Github user JoshRosen commented on a diff in the pull request:

    https://github.com/apache/spark/pull/2969#discussion_r19455153
  
    --- Diff: core/src/main/scala/org/apache/spark/storage/TachyonStore.scala 
---
    @@ -105,25 +106,17 @@ private[spark] class TachyonStore(
           return None
         }
         val is = file.getInStream(ReadType.CACHE)
    -    var buffer: ByteBuffer = null
    +    assert (is != null)
         try {
    -      if (is != null) {
    -        val size = file.length
    -        val bs = new Array[Byte](size.asInstanceOf[Int])
    -        val fetchSize = is.read(bs, 0, size.asInstanceOf[Int])
    -        buffer = ByteBuffer.wrap(bs)

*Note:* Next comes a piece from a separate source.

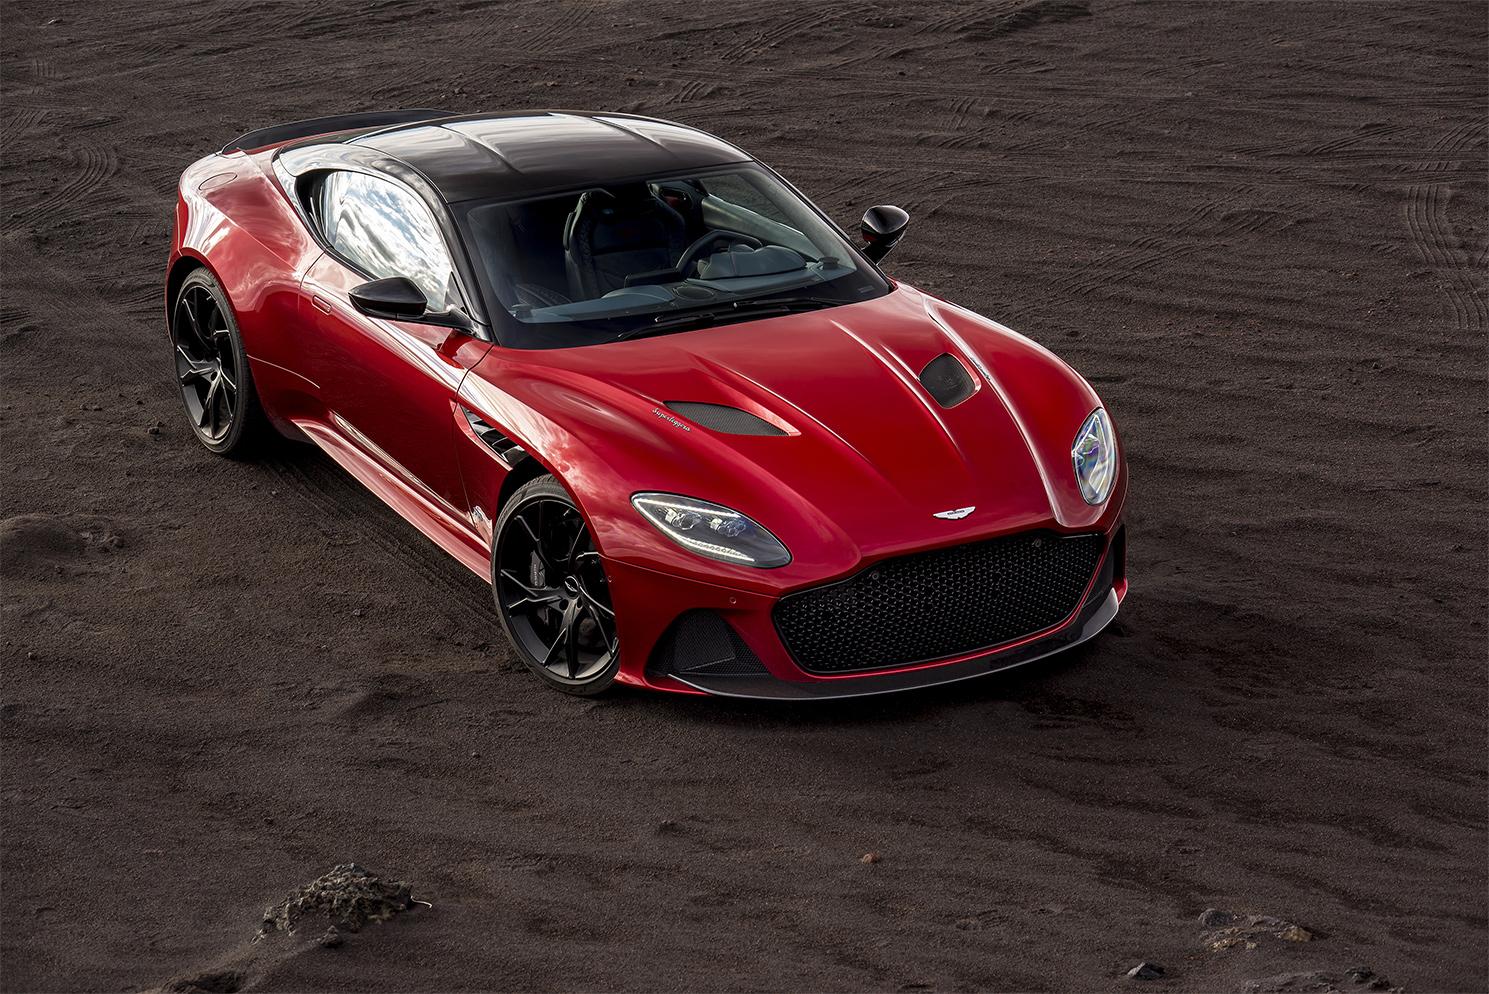 TrackWorthy - Aston Martin DBS Superleggera (12)

    -        if (fetchSize != size) {
    -          logWarning(s"Failed to fetch the block $blockId from Tachyon: 
Size $size " +
    -            s"is not equal to fetched size $fetchSize")
    -          return None
    -        }
    -      }
    +      val size = file.length
    +      val bs = new Array[Byte](size.asInstanceOf[Int])
    +      ByteStreams.readFully(is, bs)
    +      Some(ByteBuffer.wrap(bs))
         } catch {
    --- End diff --
    
    Ah, gotcha.
    
    From a general API design perspective, I think it's a little weird to have 
methods that swallow OOMs and resurface them as other errors.  As a library 
consumer, how would you feel if, say, Snappy were to swallow OOMs and re-throw 
them as IOException?  A library with that sort of unexpected behavior might 
actually break user applications' ability to recover from OOMs: if we ran out 
of memory due to excessive memory usage in some other part of the app but the 
OOM happened to be caught and swallowed by the library, then the top-level 
uncaught exception handler might never get a chance to respond to the OOM in an 
application-specific way (e.g. attempt to close files, trigger GCs, or clear 
caches).
    
    I'm not against handling OOMs in principle, but I think that it should 
probably be done at higher levels of the stack since that seems easier to 
reason about.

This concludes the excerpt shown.